Veterans' Melancholy

I'm at the V.A. hospital. It's always so heartbreaking here: all these guys with their wheelchairs, their prosthetics, their hollow eyes, and their sad faces. Broken bodies. Broken hearts. Broken minds.

I know I have problems. But I am truly blessed. Thank you, Jesus.

Monday, June 29, 2015

"The spirit of a man will sustain his infirmity, but a wounded spirit who can bear?"

-- Proverbs 18:14

Eva Cassidy - Autumn Leaves



Eva died a few months after this was recorded.

Eva Cassidy - Over The Rainbow



Joy Davidman on the Reality of Christ in our Lives

"For many contemporaries God has dwindled into a noble abstraction, a tendency of history, a goal of evolution; has thinned out into a concept useful for organizing world peace--a good thing as an idea.
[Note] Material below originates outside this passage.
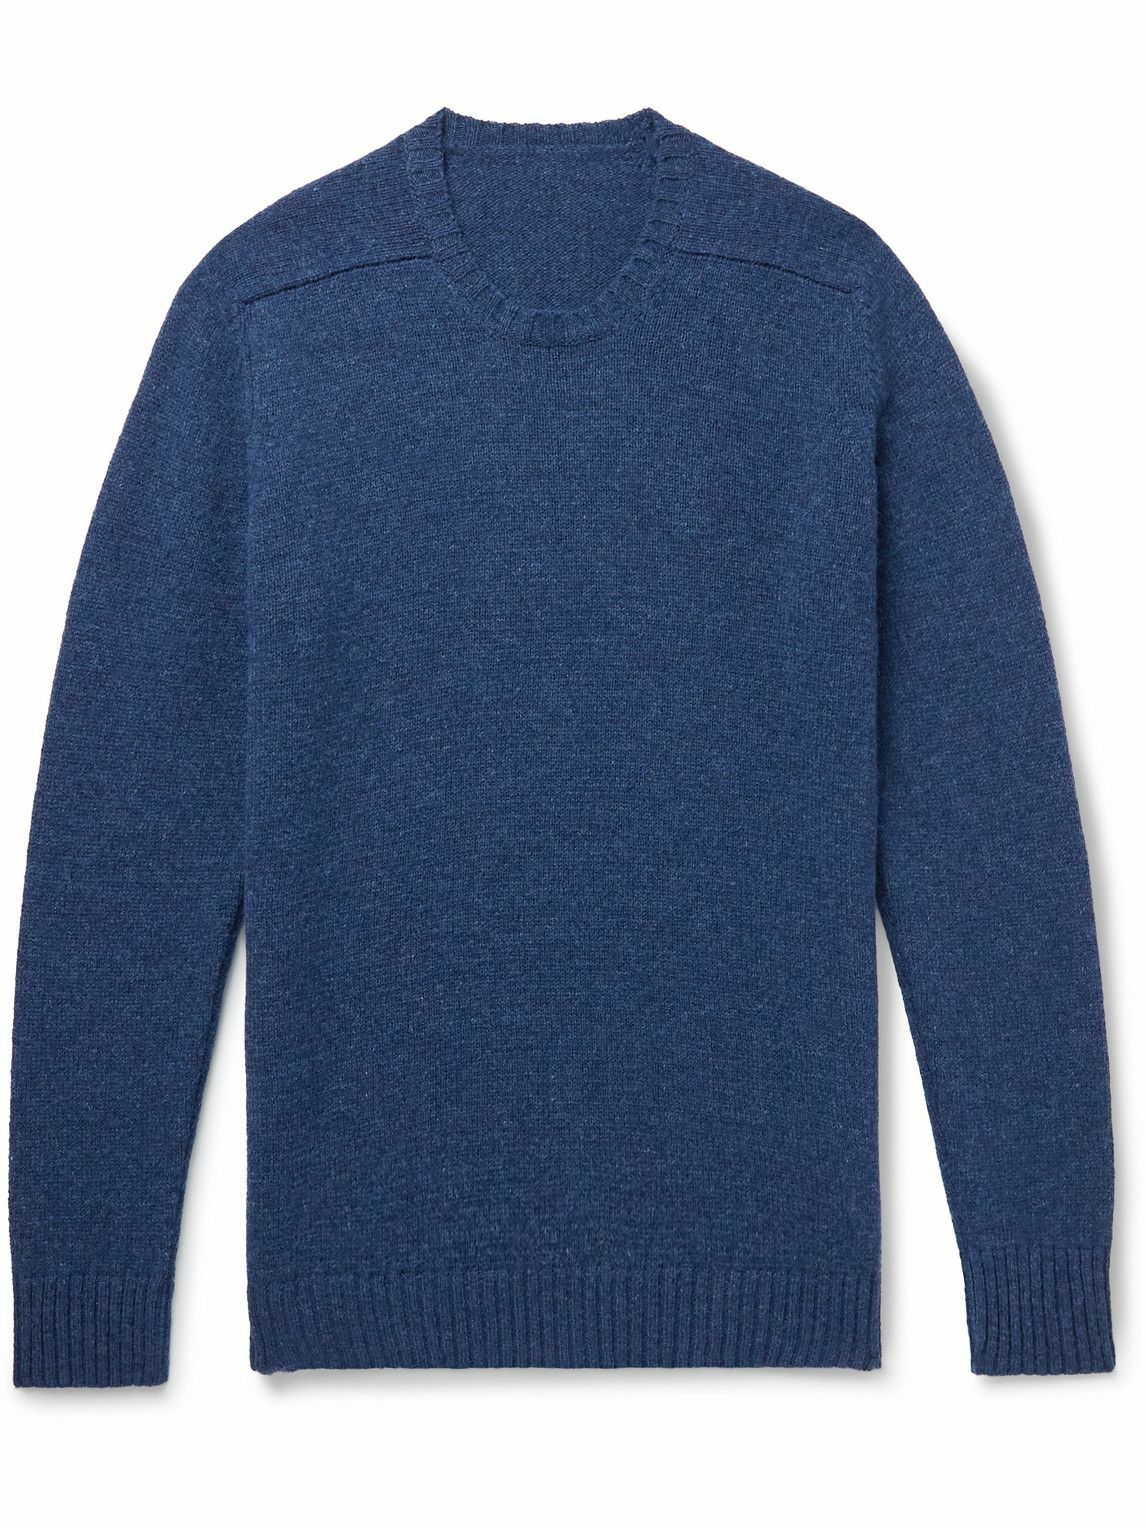 Anderson & Sheppard - Shetland Wool Sweater - Blue Anderson & Sheppard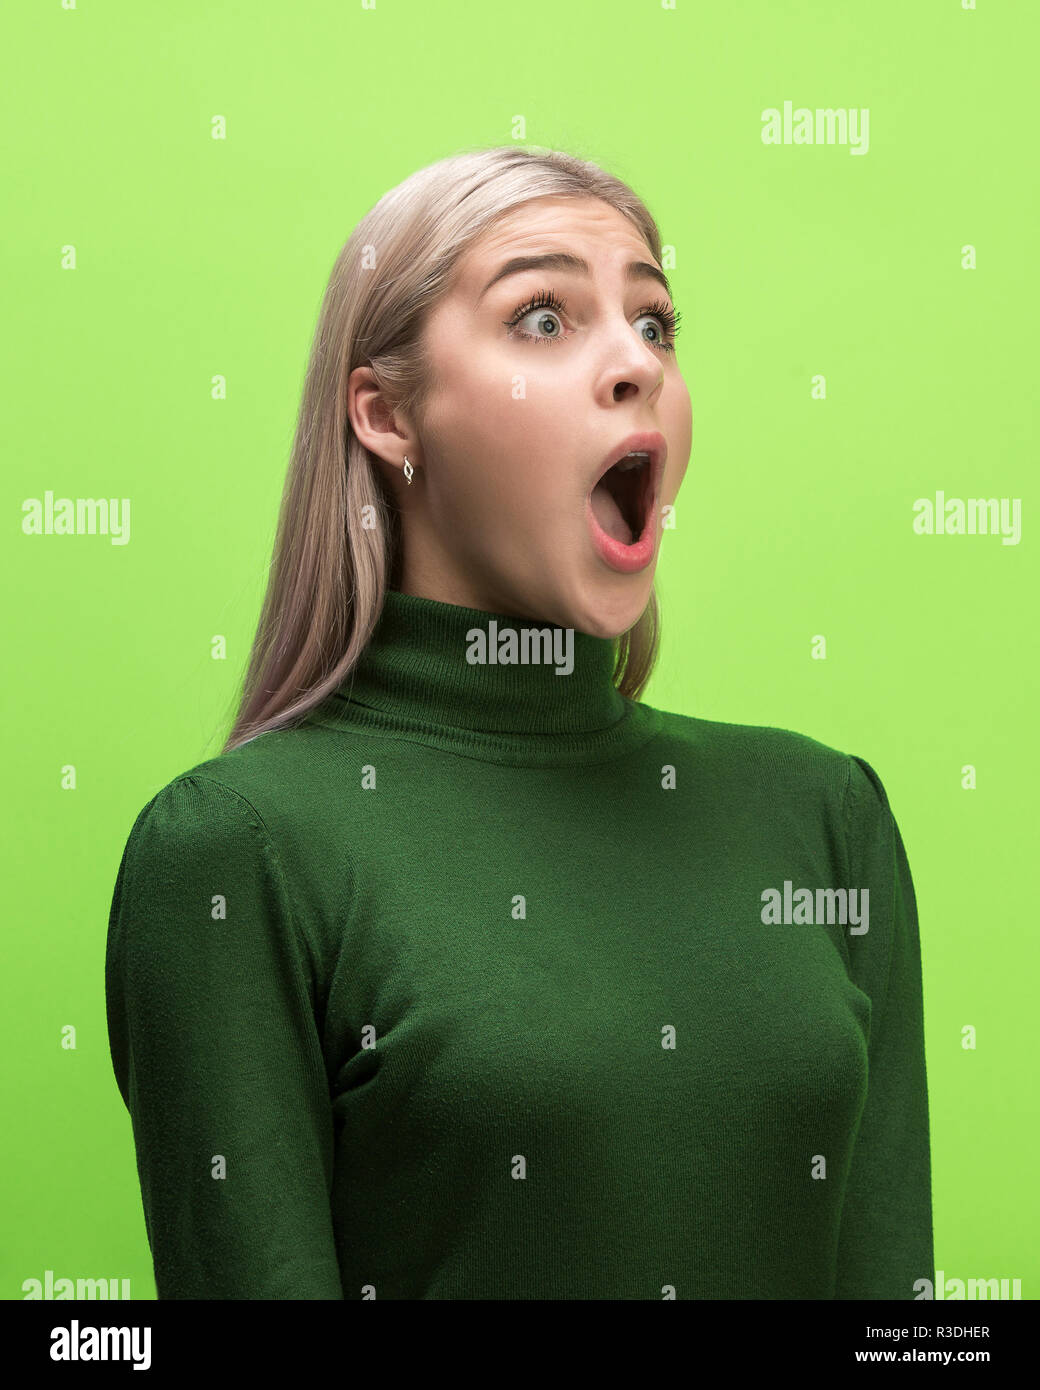 Das überrascht und erstaunt junge Frau schreiend mit offenen Mund auf grünem Hintergrund isoliert. Konzept der Schock angesichts der menschlichen Emotion Stockfoto

But not the Word made flesh, who died for us and rose again from the dead. Not a Personality that a man can feel any love for. And not, certainly, the eternal Lover who took the initiative and fell in love with us.

Is it shocking to think of God as a pursuing lover? Then Christianity is shocking. If we accept the supernatural only as something too weak and passive to interfere with the natural, we had best call ourselves materialists and be done with it--we shall gain in honesty what we lose in respectability. Here's a test to tell if your faith is anything more than faith-and-water. Suppose that tonight the Holy Spirit lifts you high into space, speaks a message to your conscience, then invisibly tucks you back into your safe little bed again. Will you consider the possibility that this experience is genuine? Or will you conclude at once that you must be crazy, and start yelling for a psychiatrist?"


-- Joy Davidman, Smoke on the Mountain

Wednesday, June 24, 2015

Don't Fear The Reaper



This came on my ipod mix today, and I thought it would be apropos after the week I've had. lol

Easter Eggs

God sent me a gift yesterday. (Actually, he sent me two: I may tell you about the other one later.) You know those times, when you're struggling, and you just "accidentally" stumble upon the exact thing you need, like finding an Easter egg in the grass?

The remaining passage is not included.